The twins sat comfortably in the tree for a while, lost in their own fantasy of scampering up and down branches, leaping from tree to tree.

"Ada," said Harry suddenly, and Adrienne smiled at the sound of her nickname. "Promise me something."

"Anything," Ada said, meaning it. She would go to any length for her twin.

Harry looked at her, bright emerald eyes locking with pale green.

"Promise me that we'll never, ever, hide anything from each other."

"Of course, Harry. I would never, ever, with heather, lie to you or keep something from you. Not for the world," she said in all seriousness.

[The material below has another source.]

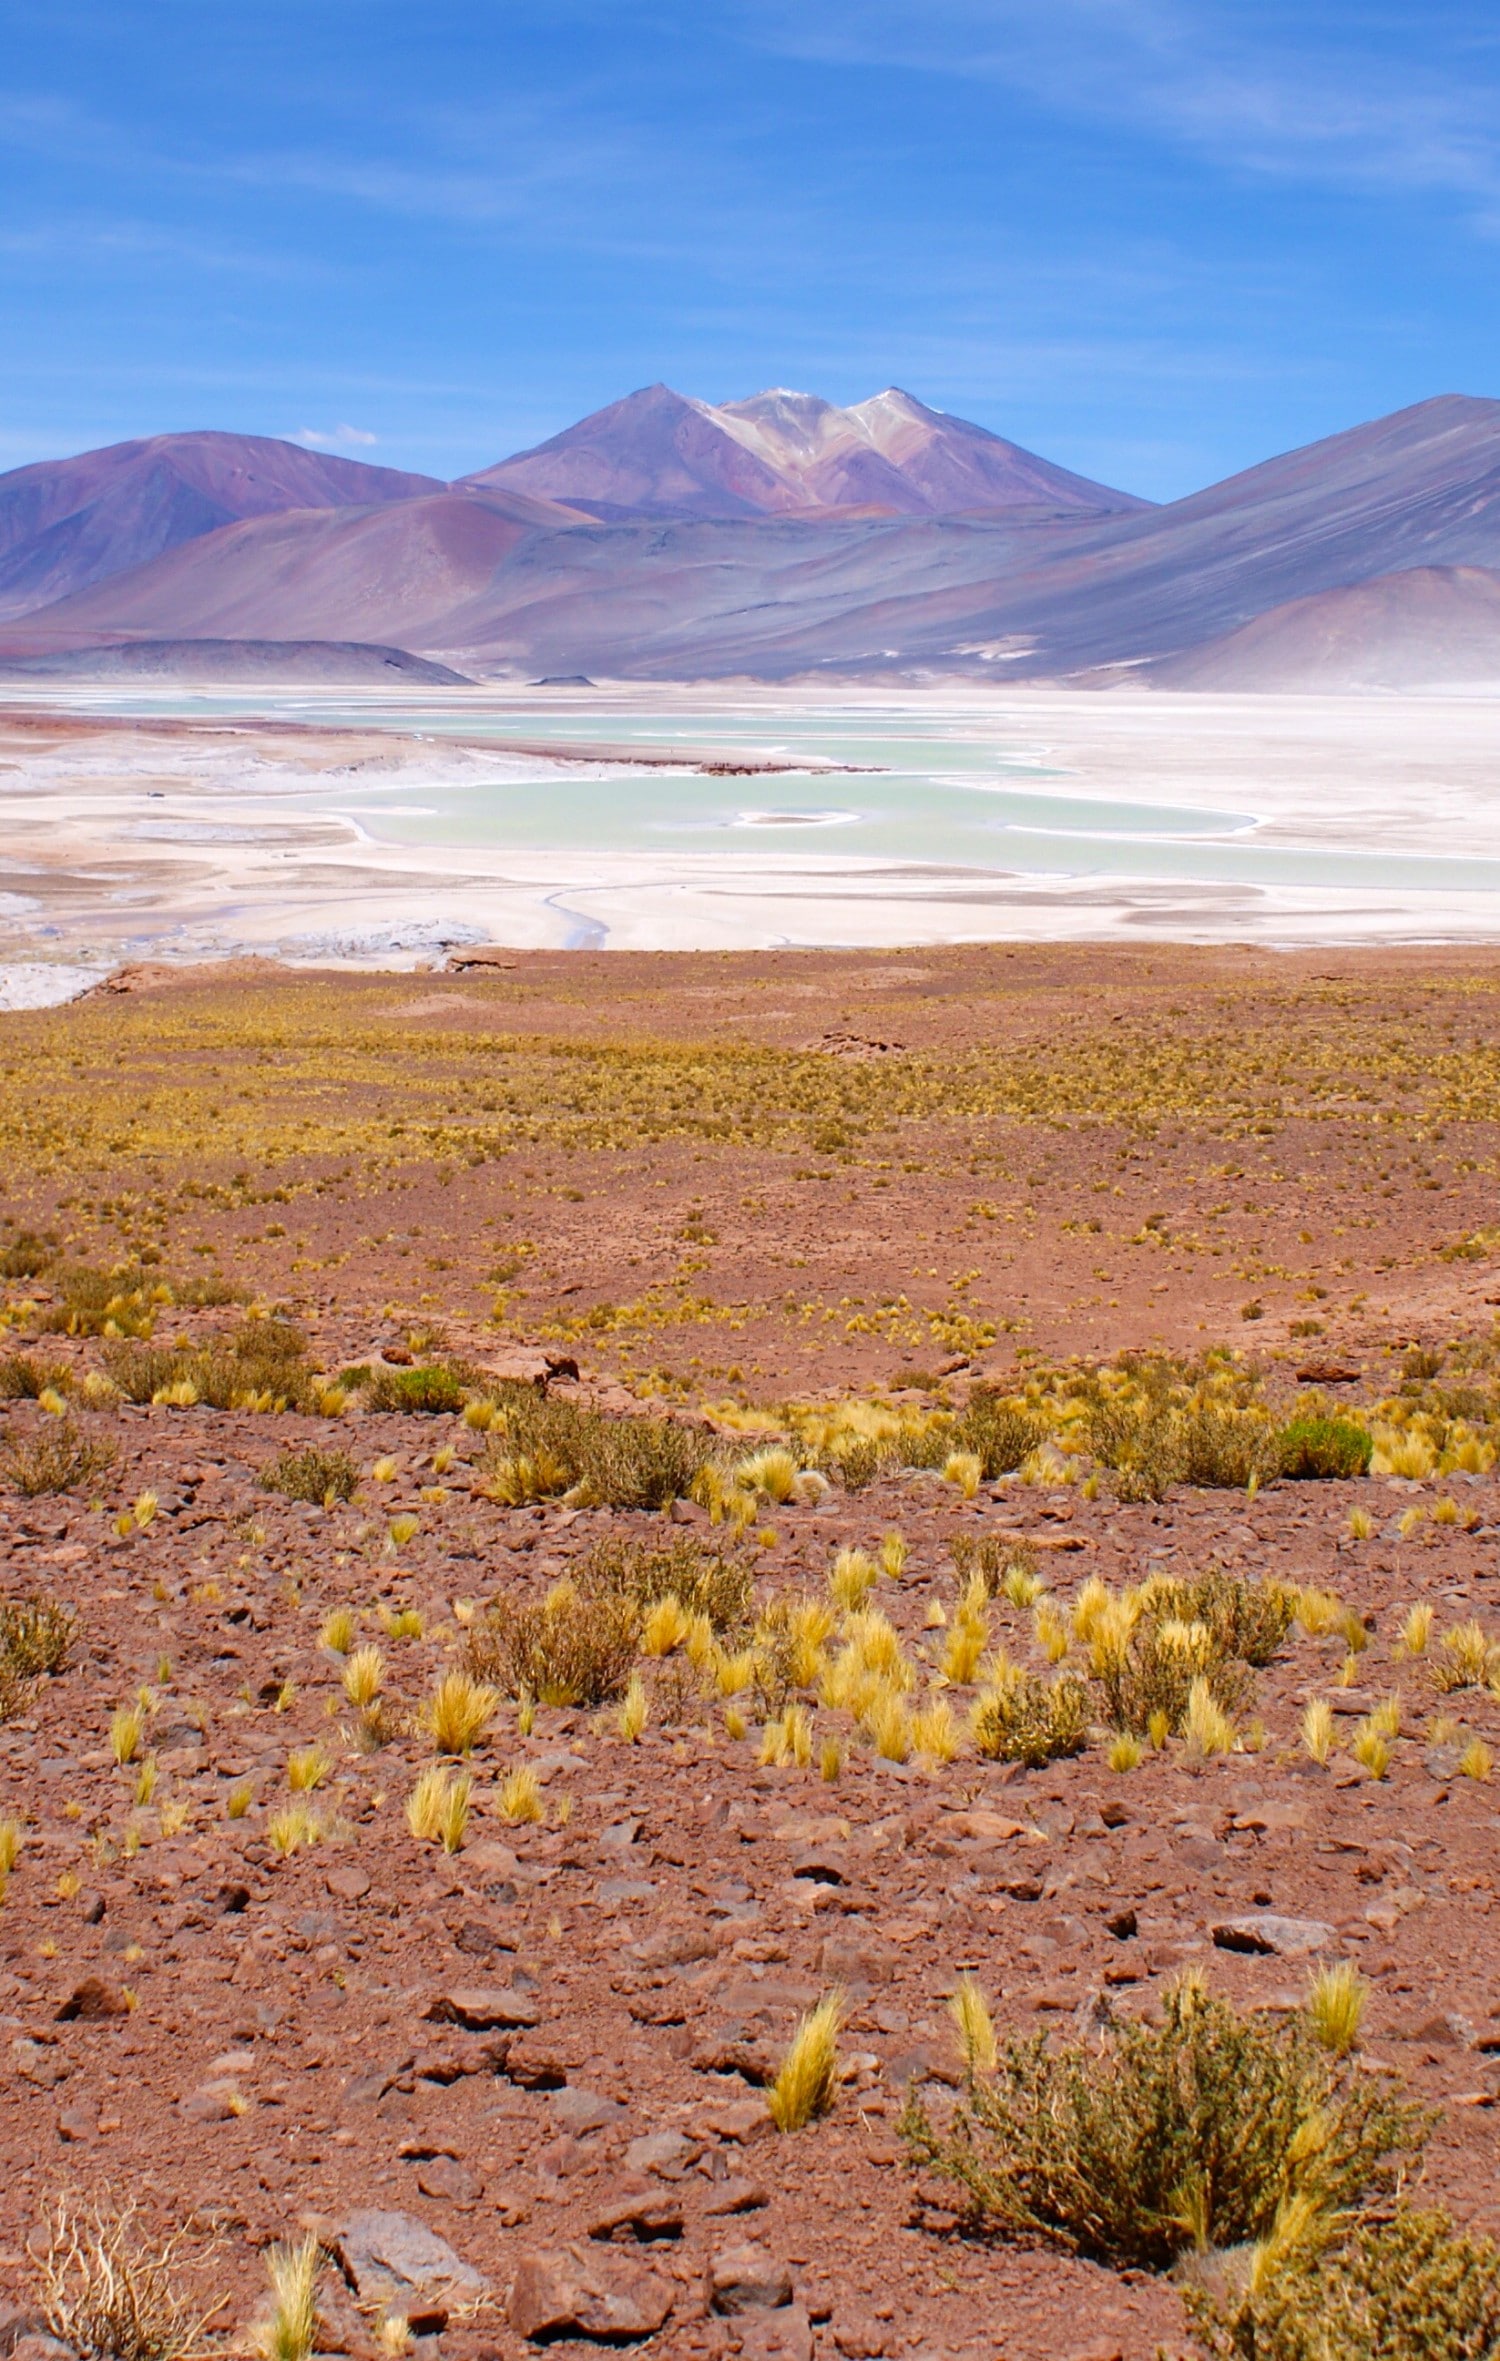 South America Travel Itinerary - Dont forget the Atacama Desert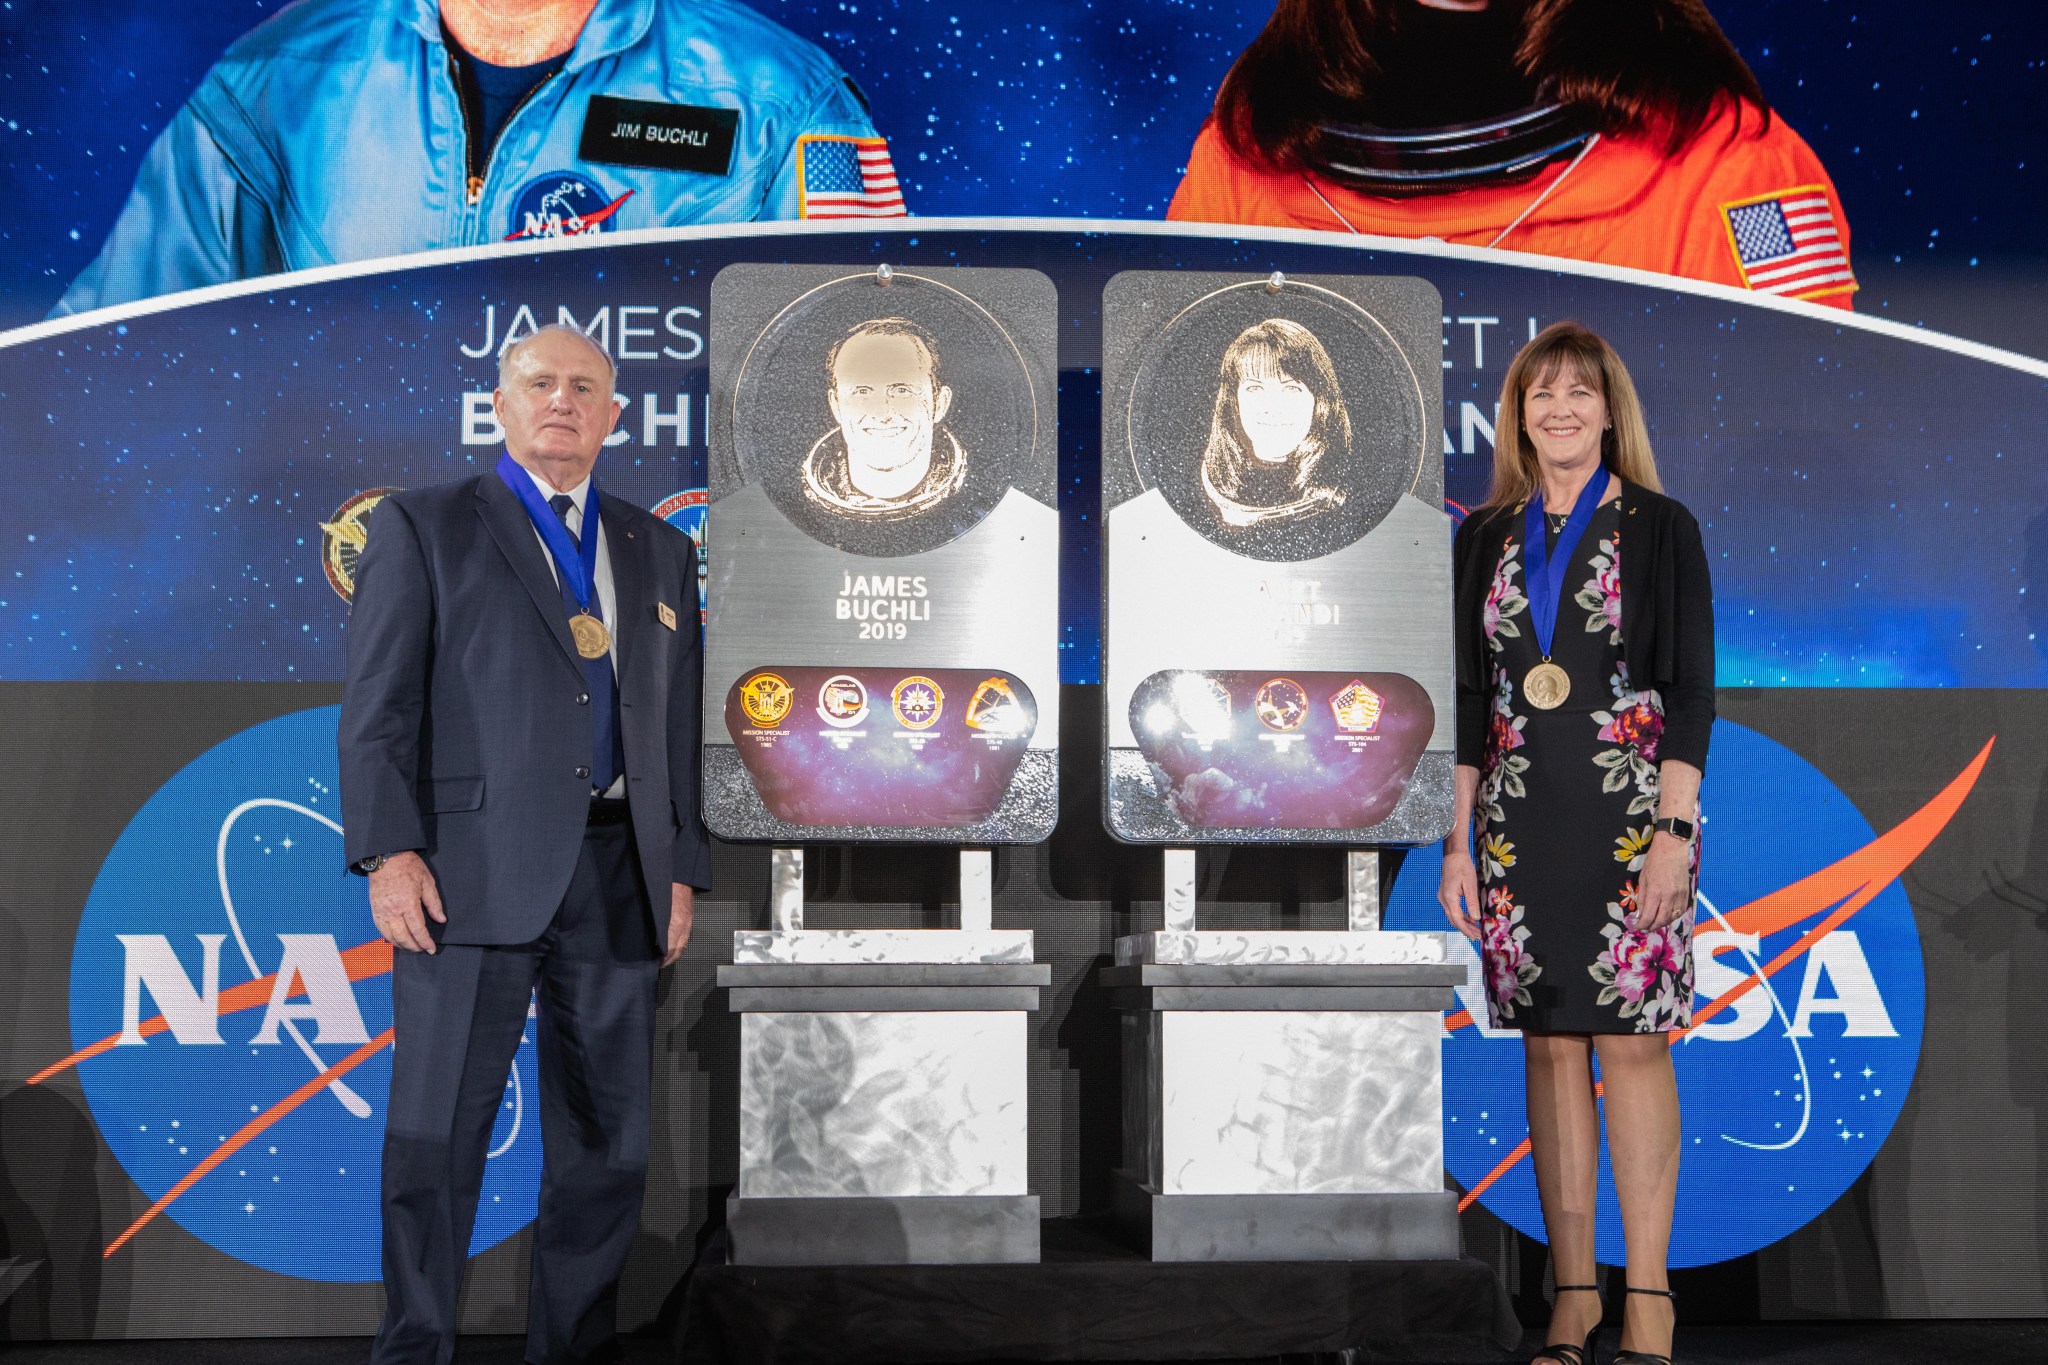 Former NASA astronauts Jim Buchli and Janet Kavandi are inducted into the U.S. Astronaut Hall of Fame Class of 2019

"Not even for a chance to punch Dudley?"

"Not even."

Harry smiled and nestled into her cold side, his head resting on her cool shoulder. Adrienne closed her eyes, tipping her head back and breathing in the scent of the tree bark.

• • •

I sit up, panting. Though my skin is as cold as ever, my tank top is drenched in sweat, my small blue shorts sticking to me.

Promise me something.

I cringe. For six years, I've stayed true to that promise. And all that was undone in one evening.

I sigh and lie back down, smushing my head into the pillow, running the Hat's words through my head for the five-hundredth time, but not finding an ounce more sense in them than I did the first time. I'd do well in Slytherin, obviously, but the Hat was under strict orders to put me in another house, and my fanatic father would go ballistic if it was Ravenclaw or Hufflepuff, so I was lectured about how I'd fail miserably and then sorted.

Maybe the Sorting Hat finds fun in degrading pupils' self esteem by telling them they'll all die and fail. Maybe that's why Harry was so down. And as for my father, James Potter - he's dead. And he's definitely not fanatical.